How to build an email list (without spamming):
Collect emails in-house:
- Small card on the table: "Get our lunch menus and special offers straight to your inbox"
- No complicated forms: just first name + email
Offer an incentive:
- "Sign up and get 10% off your next visit"
- Or: "Receive our weekly menu every Monday"
What to send (and more importantly, what NOT to send):
✅ Do:
- Weekly menu (if you change it regularly)
- Exclusive offers for subscribers ("Monday and Tuesday, 20% off the daily special for subscribers")
- Special event announcements
- Frequency: 1 to 2 emails per month, maximum
❌ Don't:
- Send daily emails (you'll annoy people and lose subscribers)
- Send generic emails with no real offer ("Come visit us")
- Buy email lists (illegal and ineffective)
Free tool: Mailchimp or Brevo (formerly Sendinblue) offer free plans for up to 300–500 contacts.
6. Fill your quiet hours with strategic offers
Filling your restaurant on a Friday night is easy. Tuesday lunchtime is a different story. Quiet hours are an opportunity to bring in customers without cannibalising your peak times.
Strategies for quiet hours:
Competitive lunch menu:
- Starter + main or main + dessert for £10–12 (around $12–15)
- Focus on profitability through volume, not per-item margin
- A lunchtime customer can become an evening regular
Early bird offers:
- "Arrive before 7pm and get a complimentary aperitif"
- Or: "30% off small plates between 5:30pm and 6:30pm"
Discounted theme nights:
- "Every Tuesday, pizzas for £7" (if you serve pizza)

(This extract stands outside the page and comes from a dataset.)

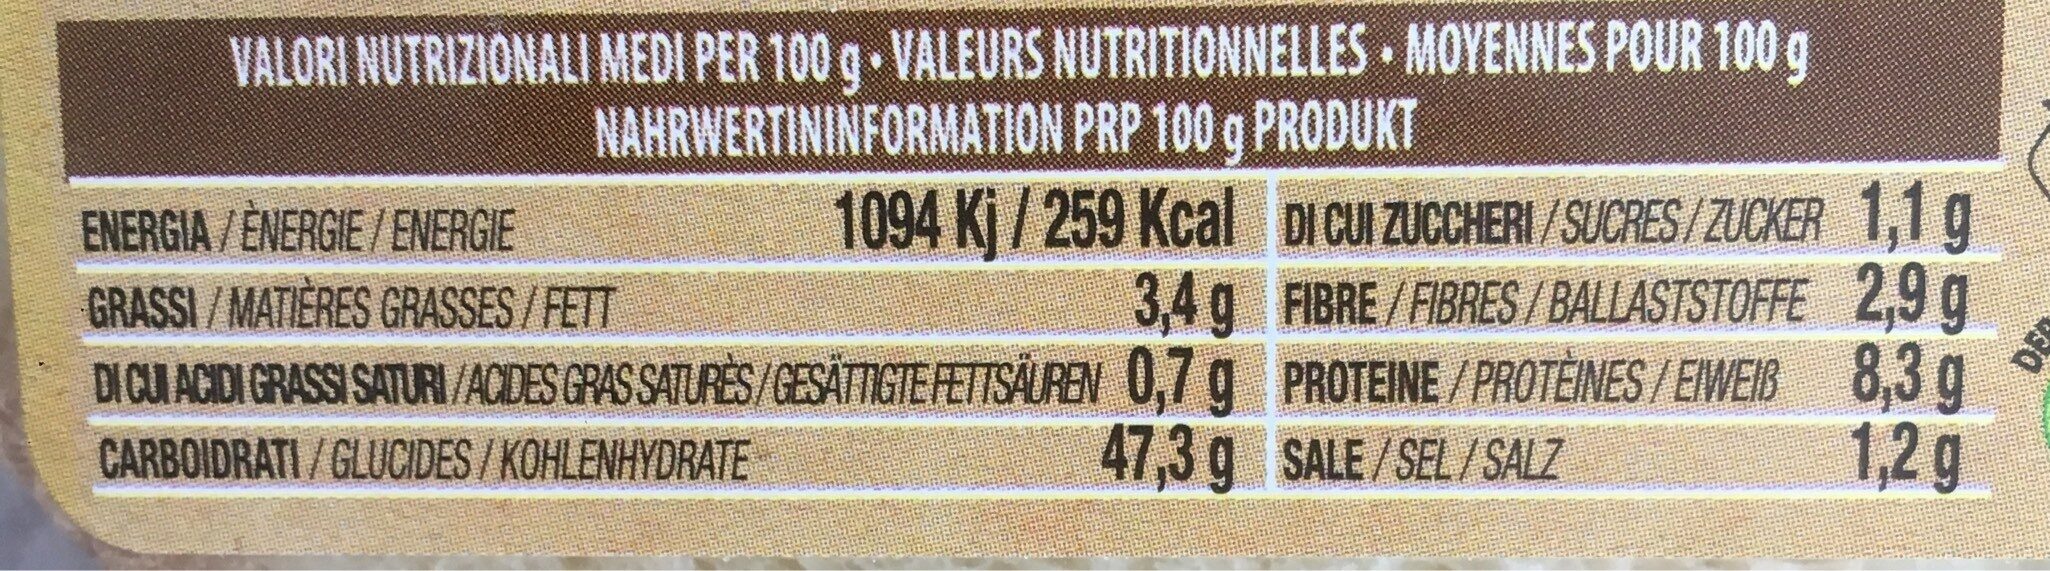 Brushetta - Nutrition facts - fr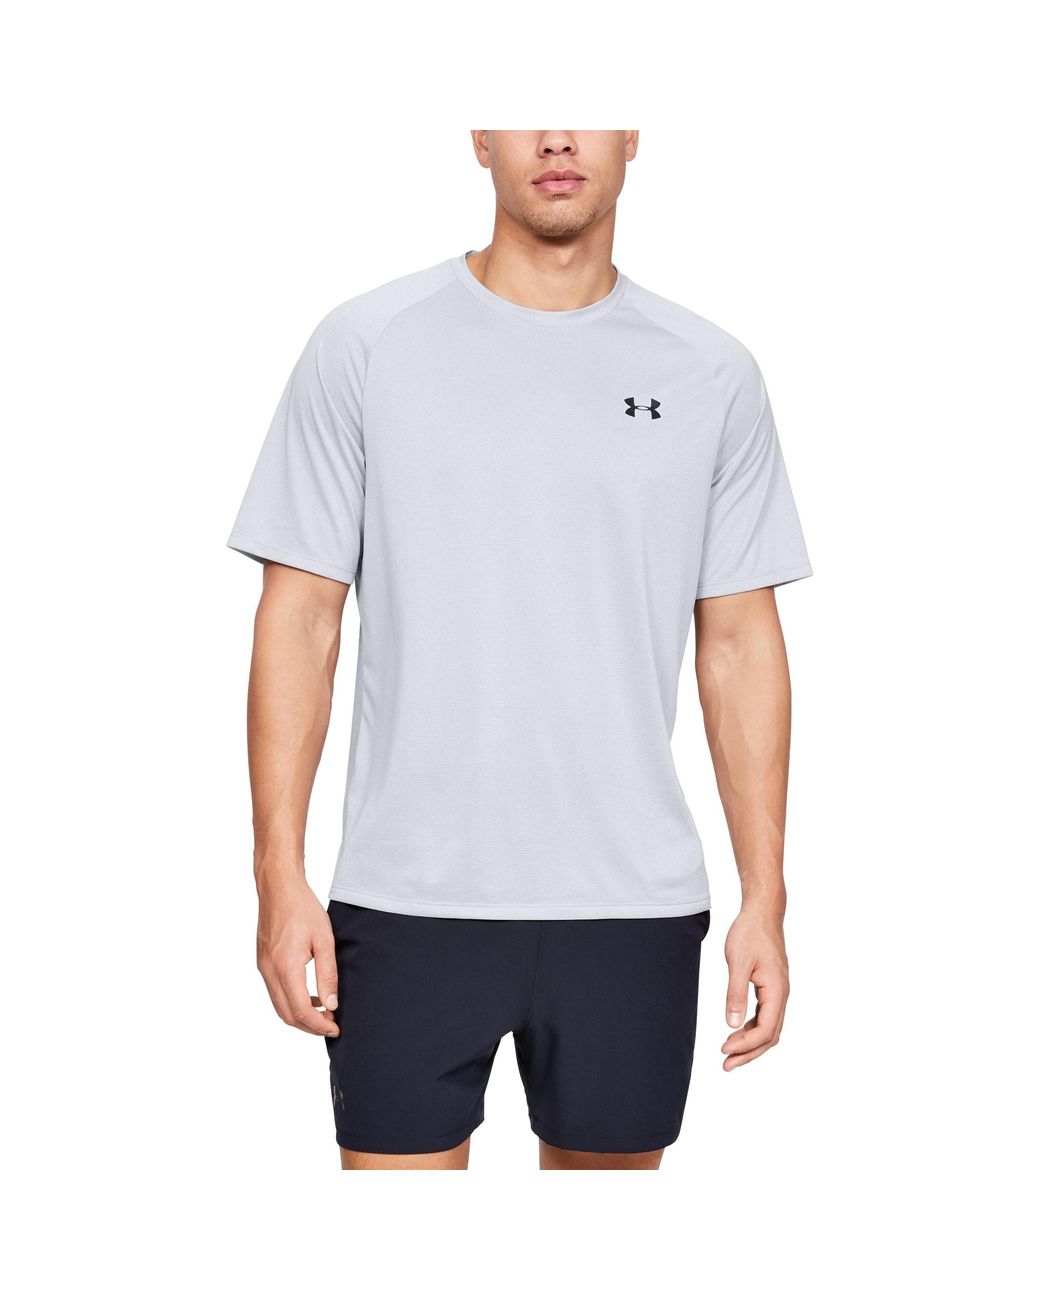 Under Armour Herren UA Tech 2.0 T-Shirt kurzärmlig Trainingsshirt grau  Fitness, Running & Yoga Equipment Sporting Goods

- Customers know they can count on a great deal that day
All-you-can-eat on a signature dish:
- Example: bottomless moules-frites on Thursday evenings
- Creates a weekly ritual and fills the dining room during quiet periods
Important: These offers should NOT devalue your brand. Communicate clearly that it's a limited-time offer or available on specific days only.

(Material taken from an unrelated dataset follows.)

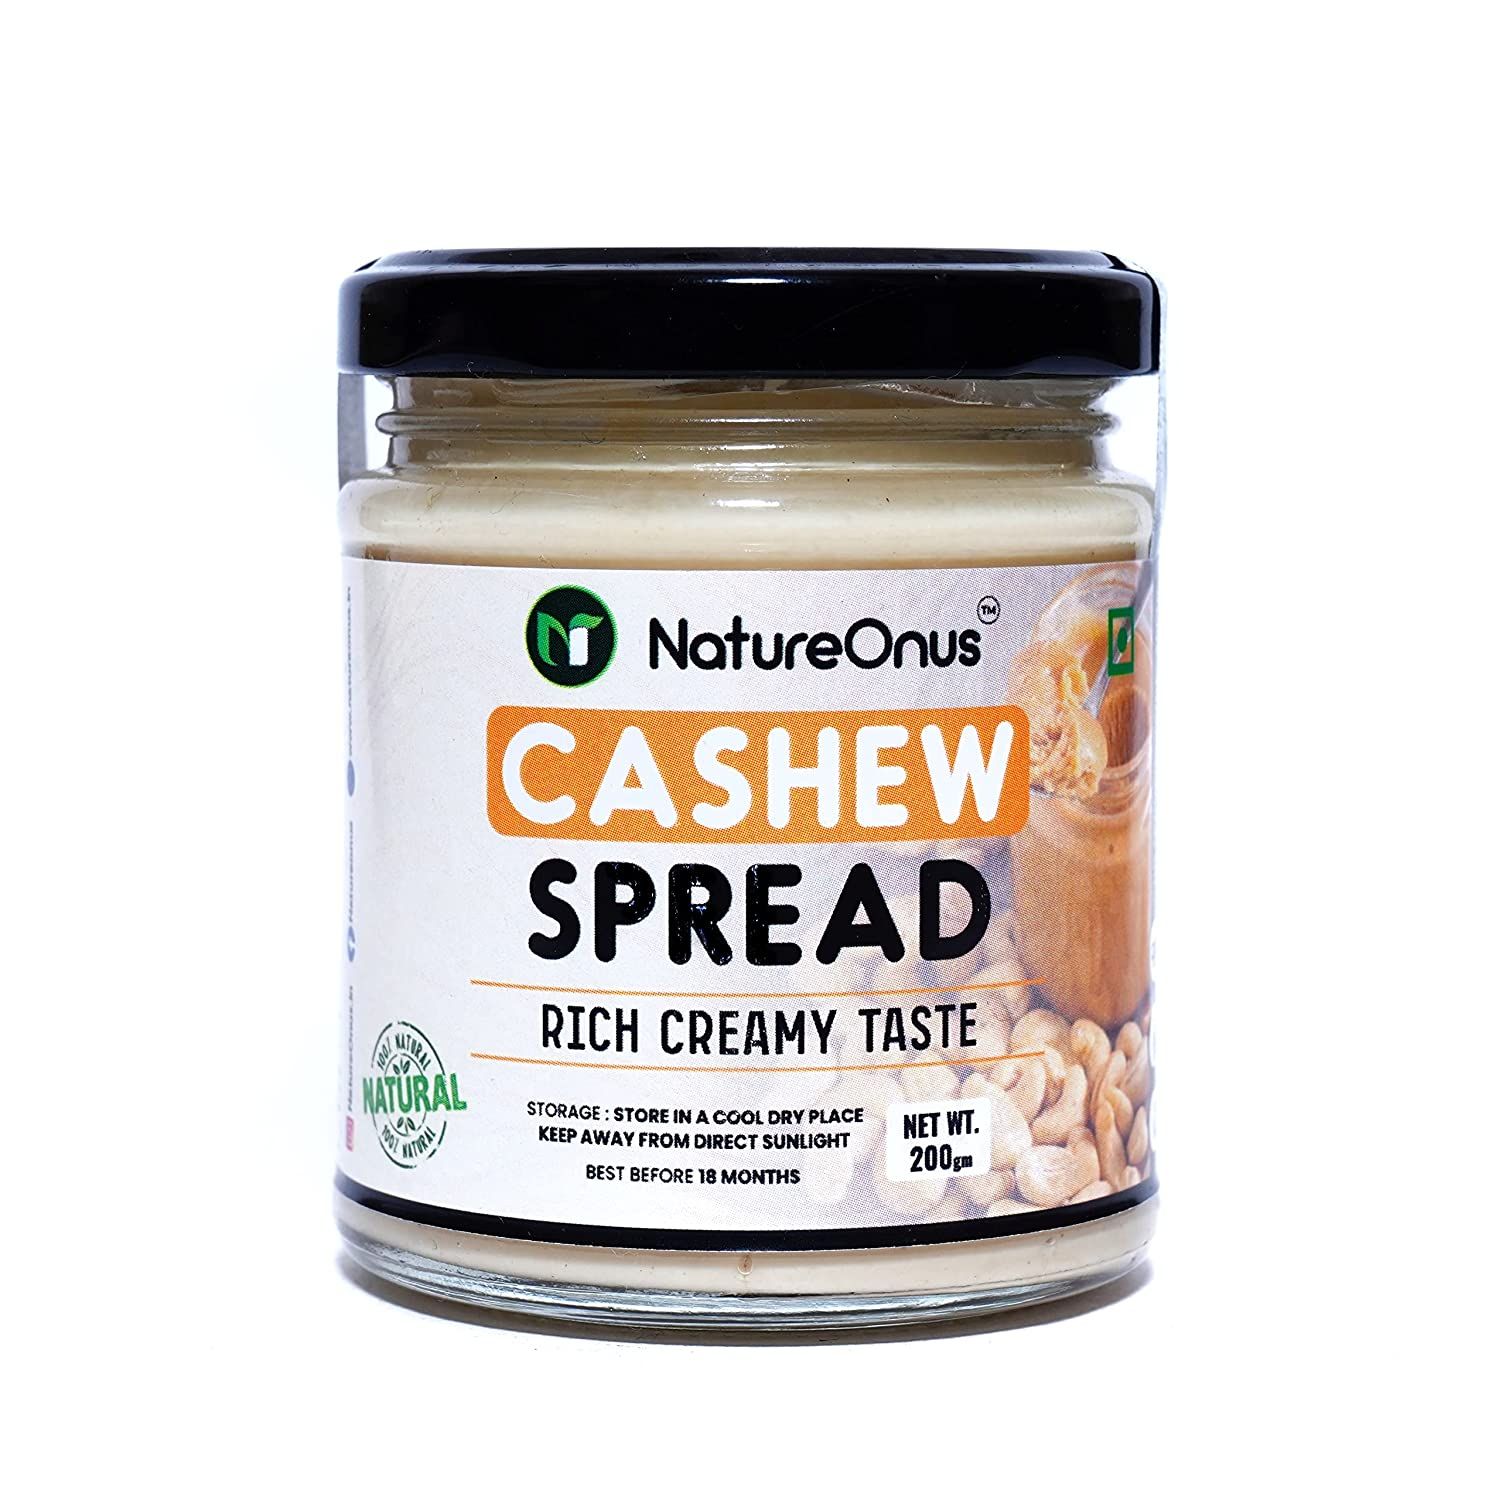 NatureOnus Cashew Nut Spread Image

7. Make your menu accessible online (everywhere, easily)
Customers look up your menu online BEFORE they visit. If they can't find it, they go elsewhere.
What you need to have:
An up-to-date menu on your website:
- Downloadable PDF = ❌ (not mobile-friendly, hard to read on a smartphone)
- HTML page with readable text = ✅
A menu on Google Business Profile:
- You can add your menu directly to your GBP listing
- Customers can view it without even visiting your website
A QR code on your shop front:
- Passers-by can scan and see your menu instantly
- If they like what they see, they'll walk in or come back later
Photos of your dishes:
- On your website, on GBP, on social media
- Photos sell. A menu without photos is like a shop without a window display.
Tip: Use a free tool like Google Sites, Wix (free version), or even Google Docs in "publish to the web" mode to create a simple, clean menu page. No need to be a developer.
Worth noting: If you want to go further, solutions like ALaCarte let you create a digital menu accessible via QR code and optimised for local SEO — but the essential thing is to have your menu available online, whatever tool you use.
Where to start?
You're not going to do everything at once. Here's a step-by-step action plan:
This week: Optimise your Google Business Profile (2 hours of work, max)
This month: Set up an email collection system and reach out to 3 local businesses for a partnership
This quarter: Host your first event and launch a quiet-hours offer
Each of these actions takes time, but not money. And unlike Facebook ads that stop the moment you stop paying, these strategies keep working for you in the long run.
Free marketing isn't a myth. It's simply marketing that requires an investment of time and creativity rather than cash. And more often than not, it's even more effective.